We recommend using Active Dry Yeast for the standard settings
and Instant Yeast for the shorter BASIC RAPID and WHOLE
WHEAT RAPID settings. Almost any recipe can be modified for
use with the RAPID settings with an equal or larger amount of
Instant Yeast.
As a general guide, when using the RAPId settings:
1.25kg loaf size = substitute Active Dry Yeast for 3½ teaspoons
Instant Yeast
1kg loaf size = substitute Active Dry Yeast for 3 teaspoons
Instant Yeast
0.75kg loaf size = substitute Active Dry Yeast for 2½ teaspoons
Instant Yeast
500g loaf size = substitute Active Dry Yeast for 2 teaspoons
Instant Yeast
“Tandaco” brand yeast (‘Active Dry Yeast’, ‘Quick Rise Yeast’

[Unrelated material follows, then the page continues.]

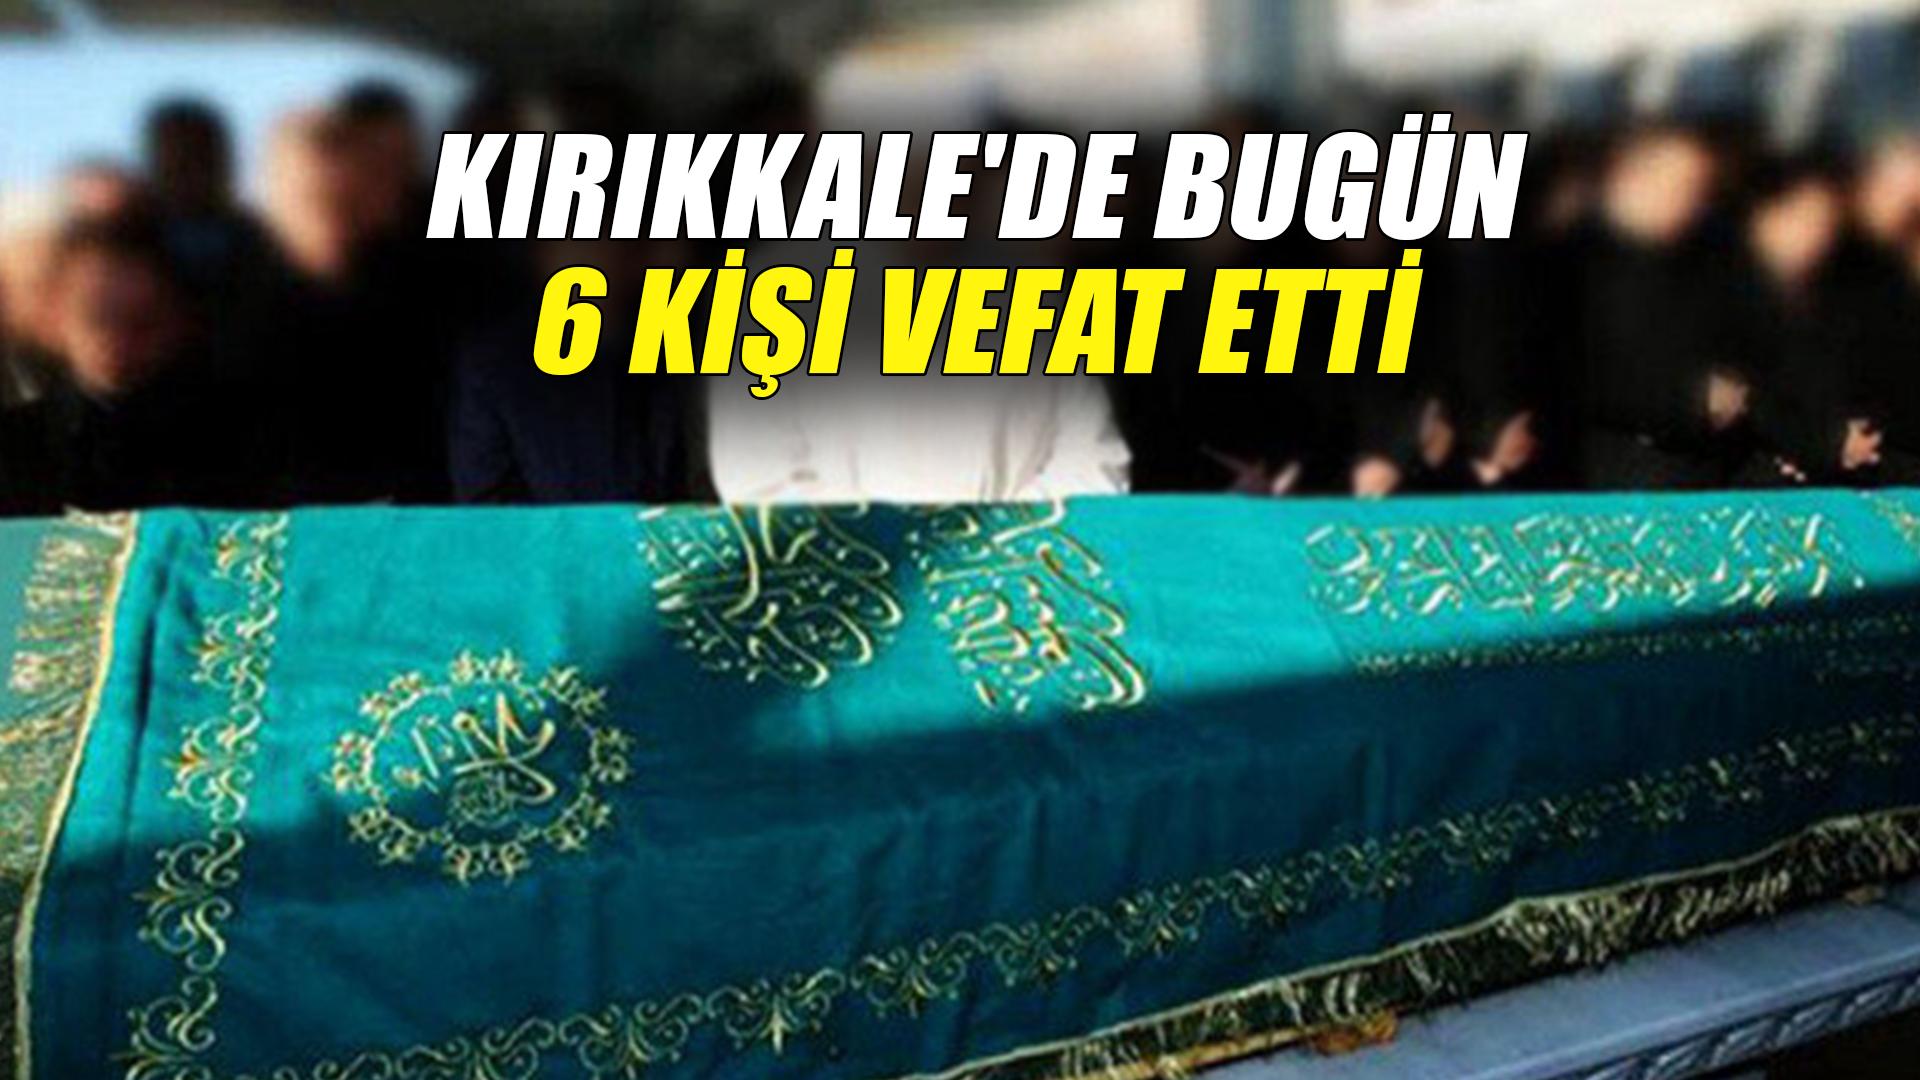 Kırıkkale'de bugün 6 kişi vefat etti

and ‘Bread Machine Yeast’) were used in the development of
all yeasted recipes contained in this booklet. You can use any
brand, however always ensure the liquid ingredients are 27°C
(80°F) to ensure the yeast properly activates. Check the used by
date, as stale yeast will prevent the bread from rising.
XANTHAN GUM
Xanthan gum is a thickening agent used in gluten free baking
to add volume and act as a binder to retain moisture. Xanthan
gum can be replaced by guar gum.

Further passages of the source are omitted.